Three and a half decades ago, Richard Rorty loosened himself from the corset of a profession whose conventions had become too narrow - not to elude the discipline of analytic thinking, but to take philosophy along untrodden paths. Rorty had a masterful command of the handicraft of our profession. In duels with the best among his peers, with Donald Davidson, Hillary Putnam or Daniel Dennett, he was a constant source of the subtlest, most sophisticated arguments. But he never forgot that philosophy - above and beyond objections by colleagues - mustn't ignore the problems posed by life as we live it.
Among contemporary philosophers, I know of none who equalled Rorty in confronting his colleagues - and not only them - over the decades with new perspectives, new insights and new formulations. This awe-inspiring creativity owes much to the Romantic spirit of the poet who no longer concealed himself behind the academic philosopher. And it owes much to the unforgettable rhetorical skill and flawless prose of a writer who was always ready to shock readers with unaccustomed strategies of representation, unexpected oppositional concepts and new vocabularies - one of Rorty's favourite terms. Rorty's talent as an essayist spanned the range from Friedrich Schlegel to Surrealism.
The irony and passion, the playful and polemical tone of an intellectual who revolutionised our modes of thinking and influenced people throughout the world point to a robust temperament. But this impression doesn't do justice to the gentle nature of a man who was often shy and withdrawn - and always sensitive to others.

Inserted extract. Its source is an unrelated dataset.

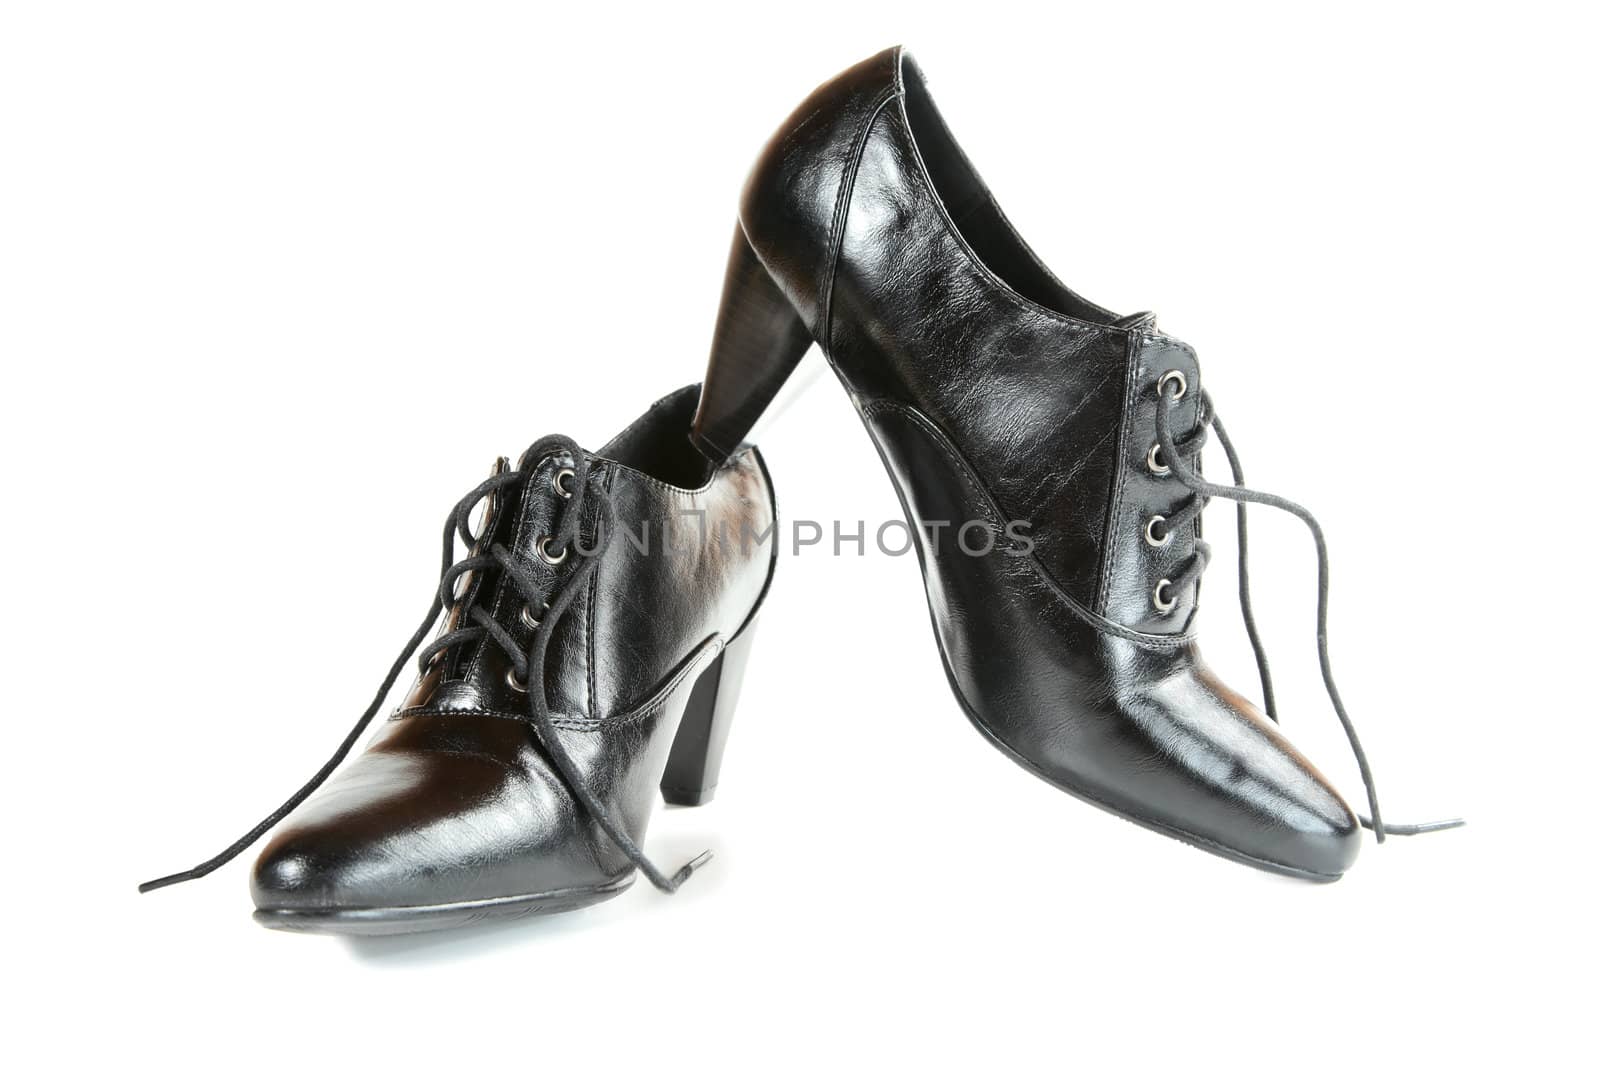 black female shoes isolated  by alarich

One small autobiographical piece by Rorty bears the title 'Wild Orchids and Trotsky.' In it, Rorty describes how as a youth he ambled around the blooming hillside in north-west New Jersey, and breathed in the stunning odour of the orchids. Around the same time he discovered a fascinating book at the home of his leftist parents, defending Leon Trotsky against Stalin. This was the origin of the vision that the young Rorty took with him to college: philosophy is there to reconcile the celestial beauty of orchids with Trotsky's dream of justice on earth. Nothing is sacred to Rorty the ironist. Asked at the end of his life about the "holy", the strict atheist answered with words reminiscent of the young Hegel: "My sense of the holy is bound up with the hope that some day my remote descendants will live in a global civilization in which love is pretty much the only law."